Nous arrivâmes aux rues et à des magasins d’un ordre plus élevé, entre New-Road et Oxford-Street ; le comte s’arrêta de nouveau, et entra dans la boutique d’un petit opticien qui, d’après une inscription affichée derrière ses carreaux, se chargeait de toute sorte de réparations. Il en sortit, ayant à la main une lorgnette de spectacle ; quelques pas plus loin, il s’arrêta pour regarder l’affiche de l’Opéra, placée à l’extérieur d’un magasin de musique. Il la lut avec attention, réfléchit pendant quelques secondes, et ensuite héla un cabriolet vide qui vint à passer devant lui : — Opéra, bureau de location, dit-il au cocher ; et la voiture l’entraîna loin de moi.

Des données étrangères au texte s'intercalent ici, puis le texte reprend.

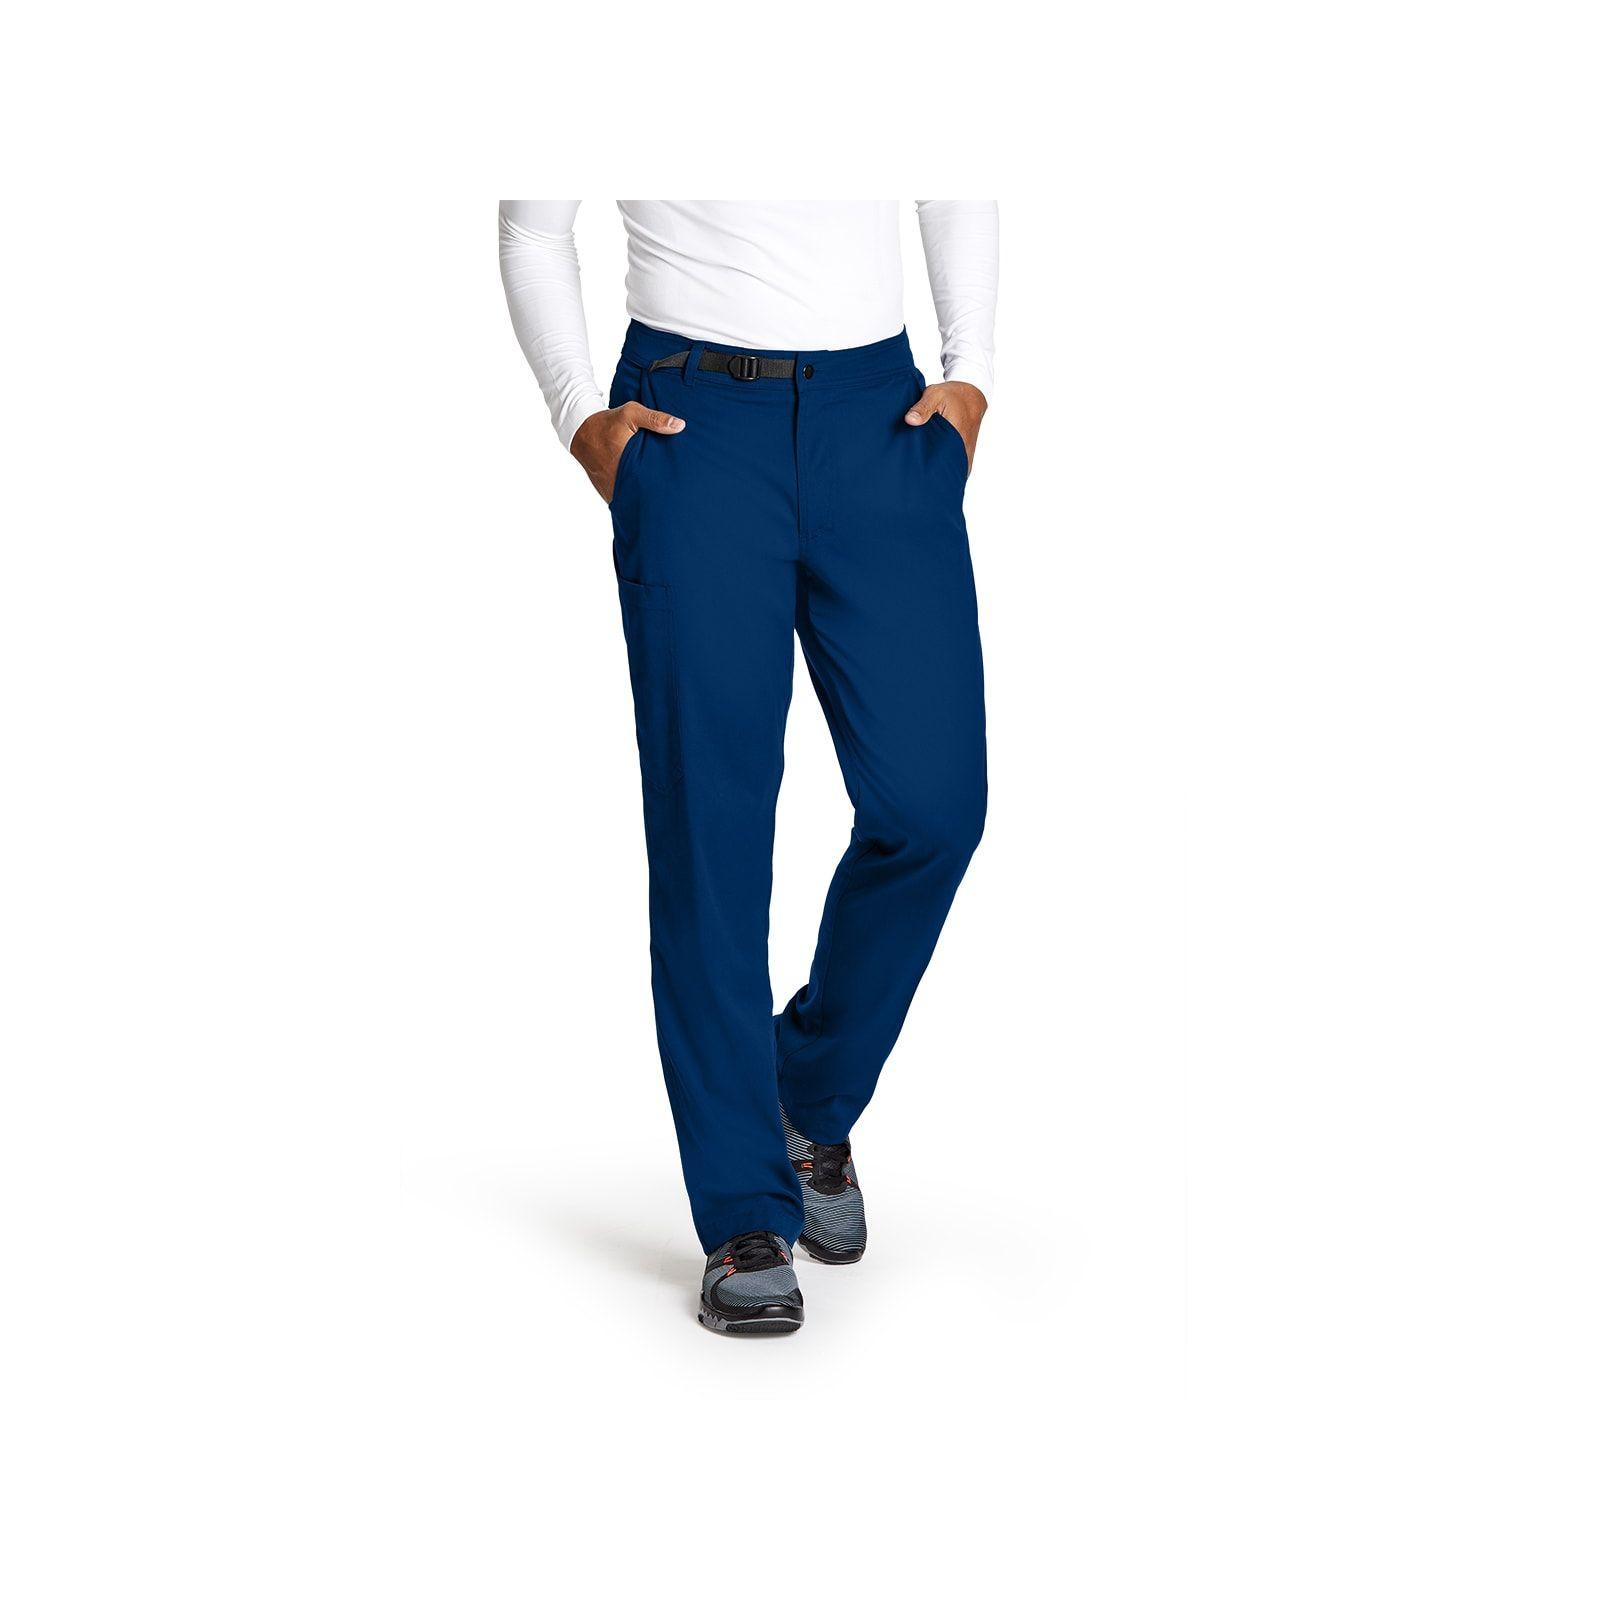 """Pantalon médical homme, couleur bleu marine vue de face, collection """"Grey's Anatomy Stretch"""" (GRSP507-)"""

Je traversai la route, et regardai l’affiche à mon tour. Elle annonçait pour le soir même : « Lucrezia Borgia. » La lorgnette dans la main du comte, le soin qu’il avait mis à lire l’affiche, l’ordre qu’il avait donné au « cabman », tout cela indiquait assez qu’il se proposait d’assister à cette représentation. Or, en m’adressant à un des peintres-décorateurs attachés au théâtre, confrère très-lié avec moi depuis des années, il m’était facile de me procurer deux places de parterre pour un ami et pour moi. J’avais au moins la chance que le comte fût placé de manière à ce que je pusse le voir et le montrer à la personne qui m’accompagnerait ; ceci étant, je pouvais, dès le soir même, arriver à savoir au juste si Pesca connaissait, oui ou non, son compatriote.

Cette considération décida immédiatement l’emploi de ma soirée. Je me procurai les billets et pris soin d’en prévenir le professeur par un mot écrit que je déposai chez lui en passant. À huit heures moins un quart, je revins le prendre pour l’emmener avec moi au théâtre. Mon petit ami était au plus haut degré de l’agitation, une fleur à sa boutonnière, et sous son bras, pressée contre son cœur, tenant la plus grosse lorgnette que j’aie jamais vue.

— Êtes-vous prêt ? lui demandai-je.

— « Right-all-right », répondit Pesca.

Là-dessus, nous partîmes pour le spectacle.